# Stereo Miking Techniques Explained



## rocksure (Mar 4, 2012)

I thought I would start a thread here on different stereo micing ( miking, mic'ing?) techniques and their applications. I have written a tutorial that is broken up into two parts and it covers the different methods of micing in stereo, complete with illustrations. Rather than re-hash the articles here, I am going to post links to them. I hope they are helpful to anyone who would like to try the different ways of doing this, and what possible ways are likely to work best in any given scenario.
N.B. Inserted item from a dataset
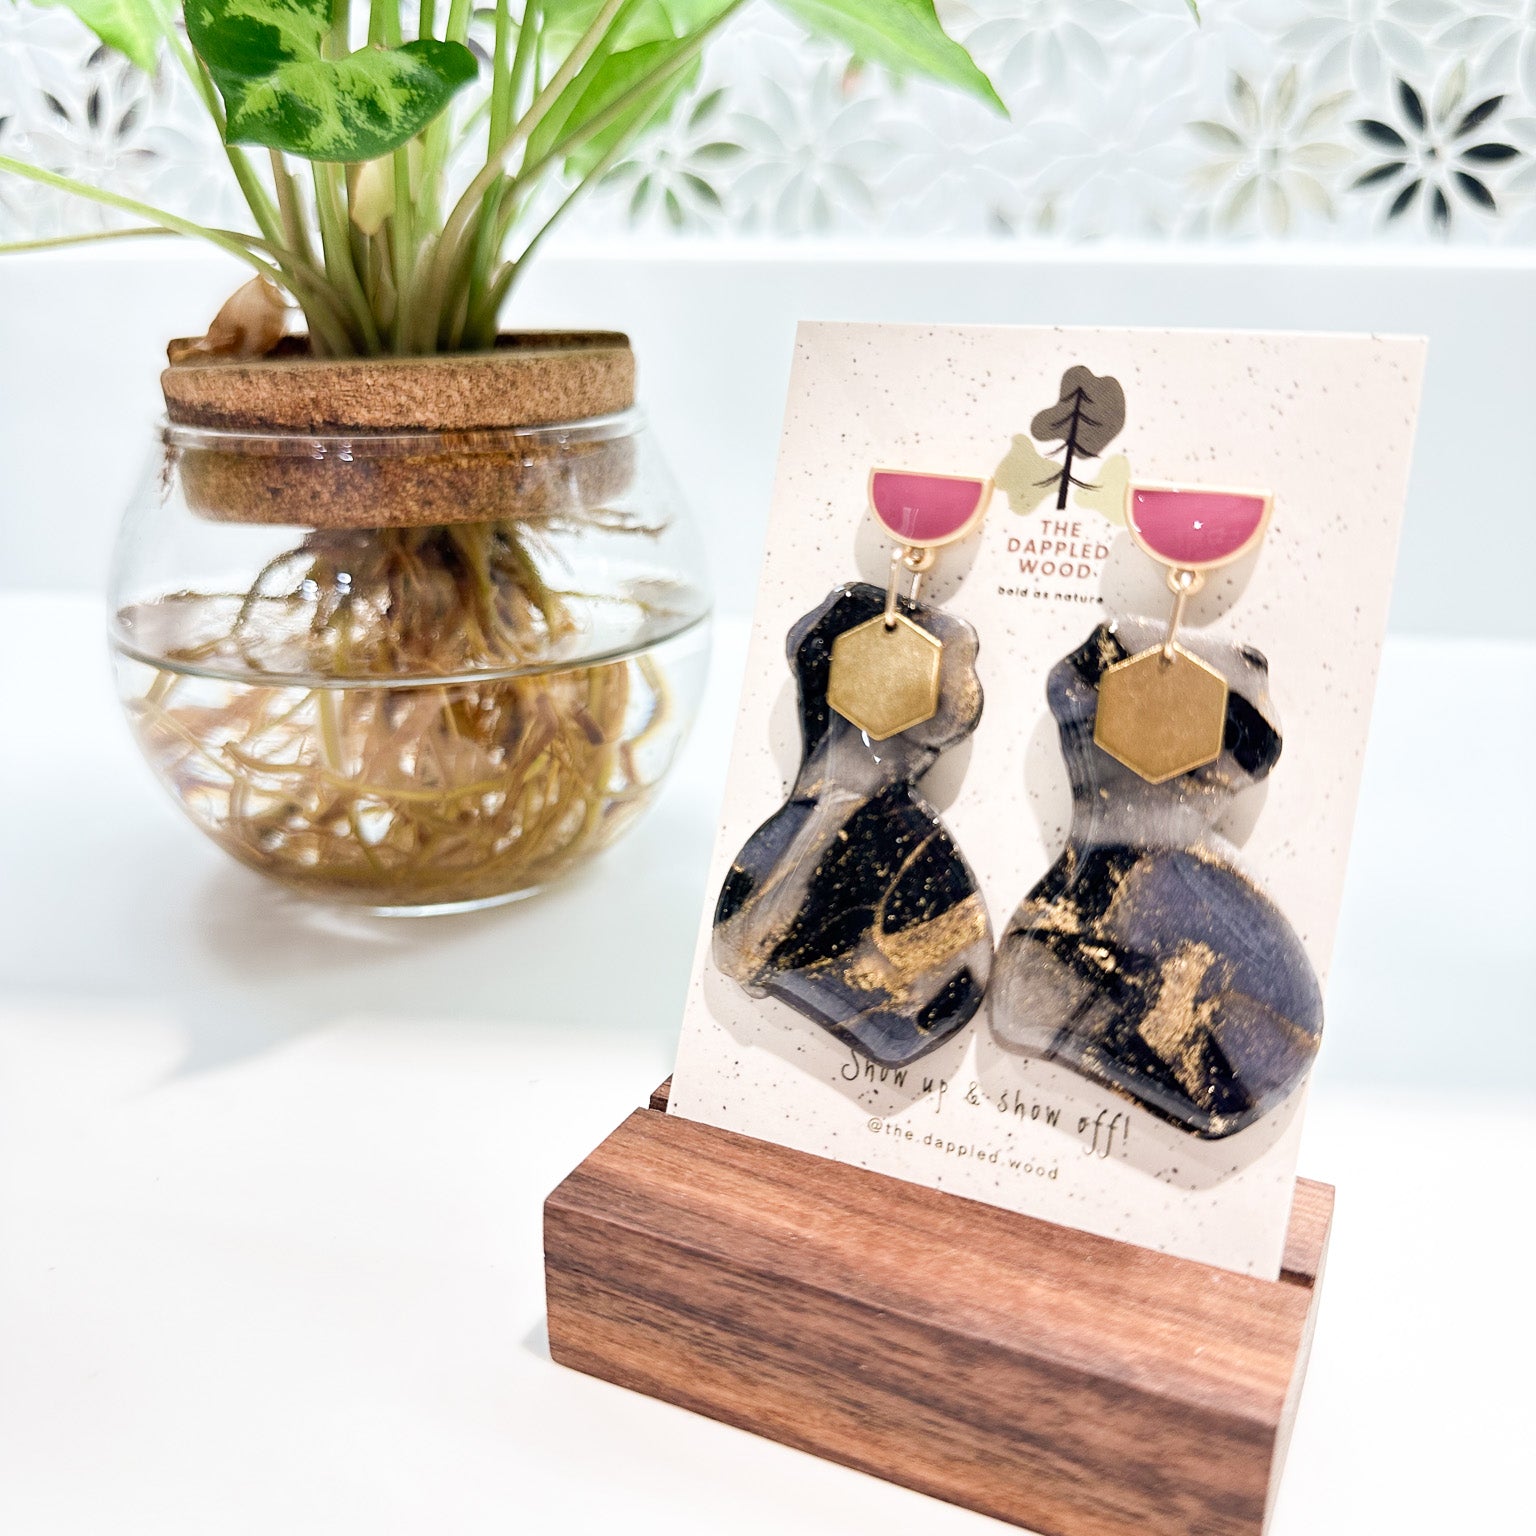 A pair of polymer clay earrings displayed on a speckled card with The Dappled Wood logo. The earrings feature a marbled black and gray pattern with shimmering gold accents and are in the shape of a curvy woman that is adorned with a brass hexagon charm. The earrings hang from pink and gold half moon posts. They are flanked by a green plant in a clear vase where roots are shown growing in water with a floral tile mosaic in the background. 
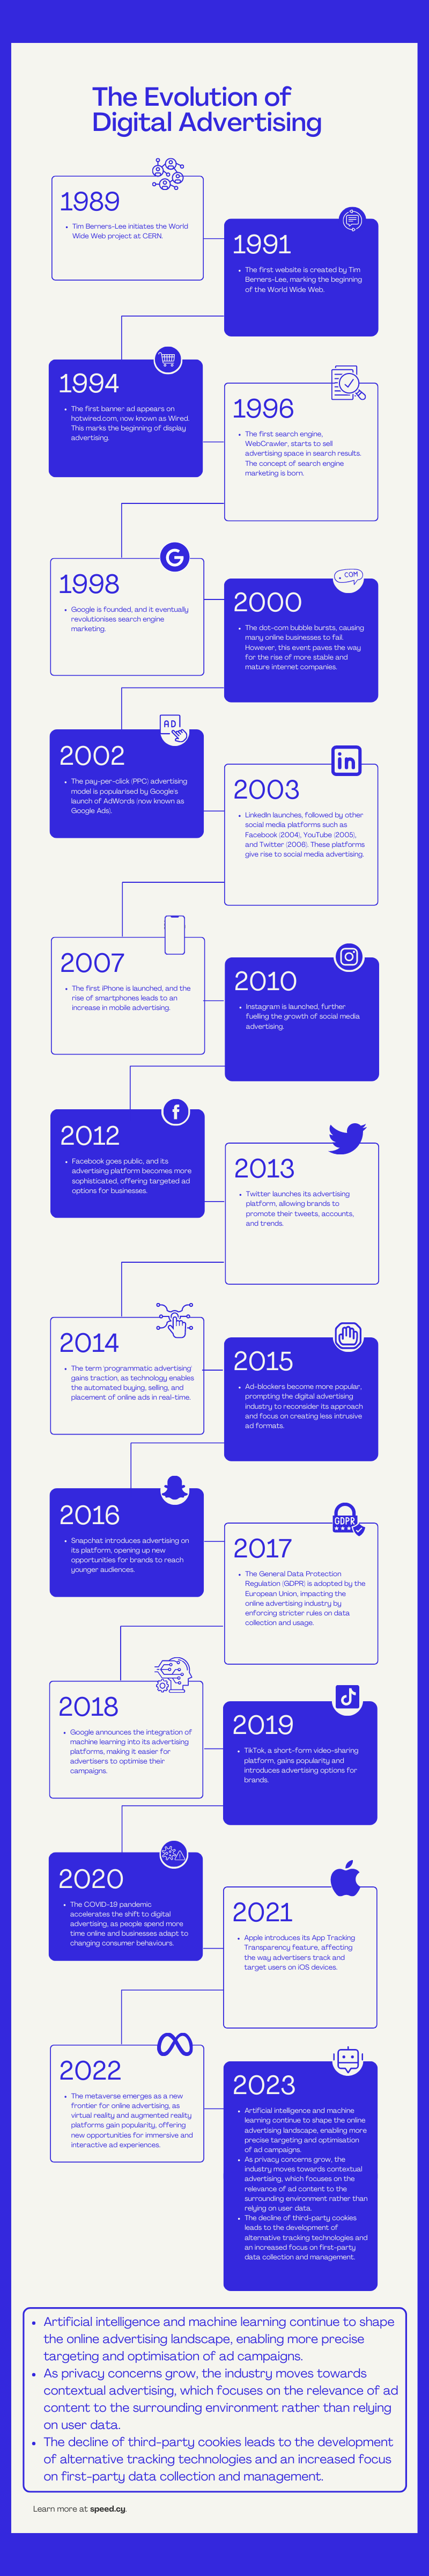 Infografic about the history of online marketing from 1989 to 2023

Covered are things like spaced-pair, X-Y, ORTF, Blumlein pair, Mid-side and Decca Tree. Feel free to add other tutorial links or chime in with your own ideas if you want. Experimenting with mic techniques is fun and interesting.

Stereo Miking Part 1  

Stereo Miking Part 2


----------



## mechman (Feb 8, 2007)

Thanks for doing this! :T


----------



## rocksure (Mar 4, 2012)

mechman said:


> Thanks for doing this! :T


No worries. Hope we get some other people's ideas and thoughts come through too.


----------



## KAYCEE (Aug 27, 2013)

I'm relatively new to HTS.
I note u did not include the Jecklin Disk in ur techniques. I'm in the process of building a disk, to record a choir as well as a bluegrass band. It seems to me to be compact, convenient and likely to provide a more accurate stereo image. Just wondering if anyone has any direct experience with them, and what ur comments are
Cheers
KAYCEE


----------



## edynel (Mar 10, 2012)

mechman said:


> Thanks for doing this! :T



Hello!
Very interesting and explanatory! :clap:


----------



## AudiocRaver (Jun 6, 2012)

Although I have not used it myself, the Jecklin Disk looks like an effective approach for stereo miking. I would like to try it some time &/or hear results recorded with that technique.


----------